Da macht die Verwaltung auch im eigenen Haus Werbung. An die städtischen Mitarbeitern gingen Mails, mit denen für die Aktion „Mit dem Rad zur Arbeit“ geworben wurde. Auch in Ausschüssen, Gremien und innerstädtischen Netzwerken gab es entsprechende Appelle. Sogar mit Postern und mit Flyern wurde schon dafür geworben, teilt Stefan Plage von der Klimaagentur Essen mit.

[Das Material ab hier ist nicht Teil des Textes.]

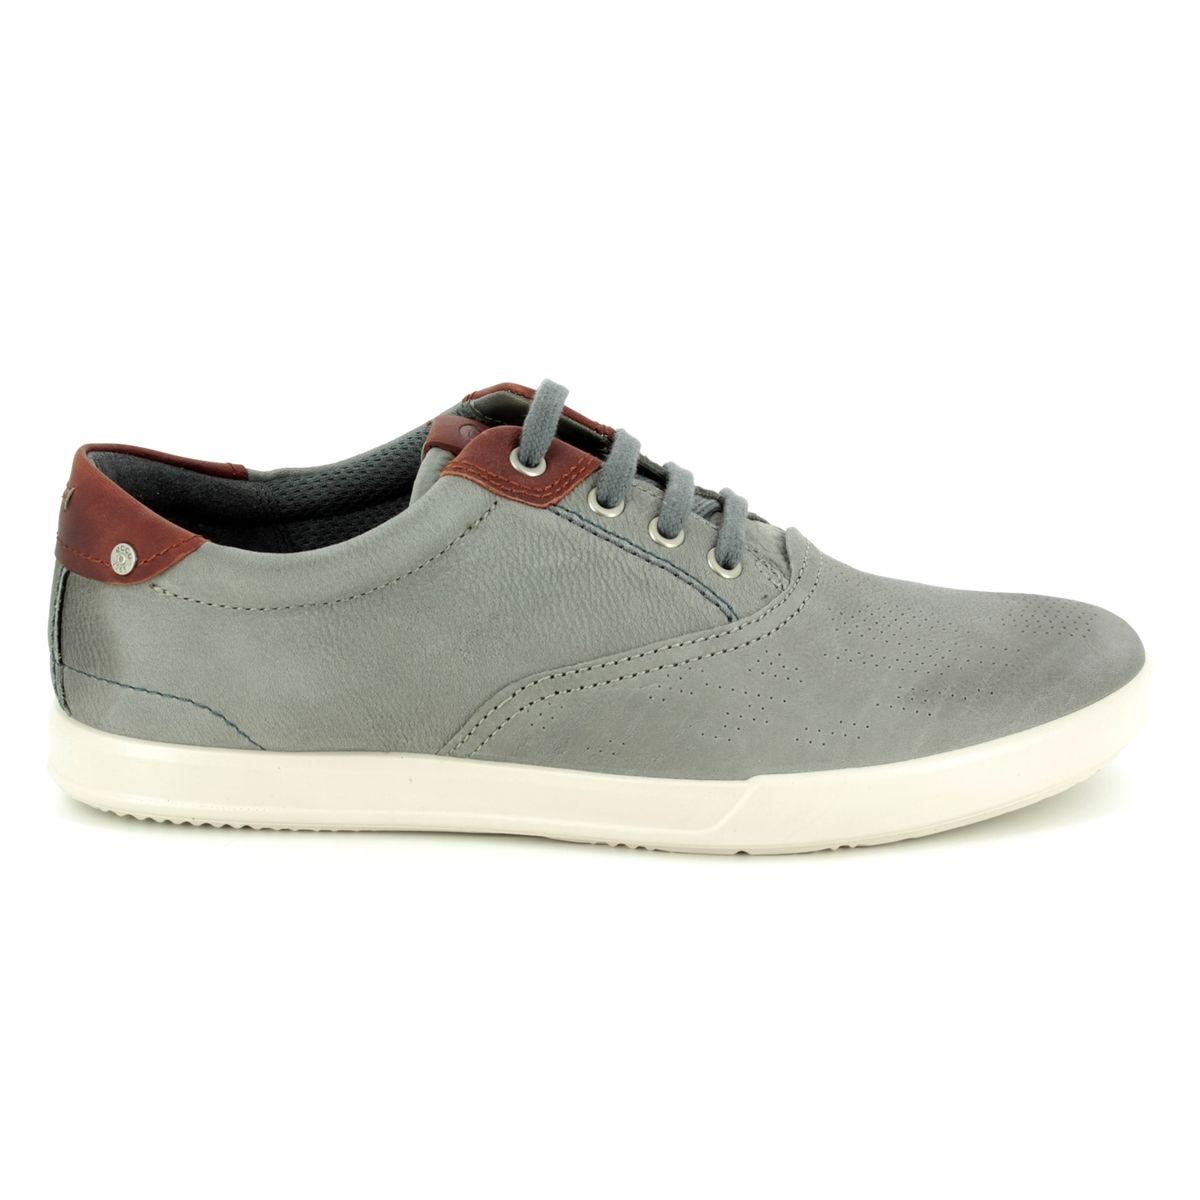 Plain 536224-58267 Grey nubuck casual shoes

Aktuell wird für de Kampagne „Stadtradeln 2014“ im Intranet kräftig die Werbetrommel gerührt - in der Hoffnung, dass danach noch mehr Rathaus-Mitarbeiter endgültig umsatteln. Schon jetzt haben sich ganze Teams zusammengeschlossen, um gemeinsam zum Rathaus oder zu einer städtischen Tochter zu radeln, berichtet Stadt-Sprecher Stefan Schulze. „Wir kämpfen um jeden Kilometer.“ Mit dabei ist natürlich Umweltdezernentin Simone Raskob. Ist doch Ehrensache.
Die Kampagne ist fürs Image allemal gut. Andere Kommunen sind bei der Fahrradförderung in eigener Sache hier und da schon etwas weiter und prüfen gar, ob genug Duschen zur Verfügung stehen. Schließlich kommt ein Pedaler bei seiner Strampel-Tour ja schnell ins Schwitzen.
Soweit ist Essen noch nicht. „Unkleiden und Duschen für radelnde Mitarbeiterinnen und Mitarbeiter existieren im Rathaus aktuell nicht“, erklärt Stefan Plage
Wer trocken bleiben will, radelt also besser langsamer oder wählt ein Elektro-Rad. Für die Zweirad-Mobilität hat der städtische Fuhrpark inzwischen nachgerüstet. Die Stadtverwaltung verfügt über insgesamt 15 Dienst-Fahrräder, sechs davon sind strombetriebene Pedelecs. Da muss man sich nicht so ins Zeug legen.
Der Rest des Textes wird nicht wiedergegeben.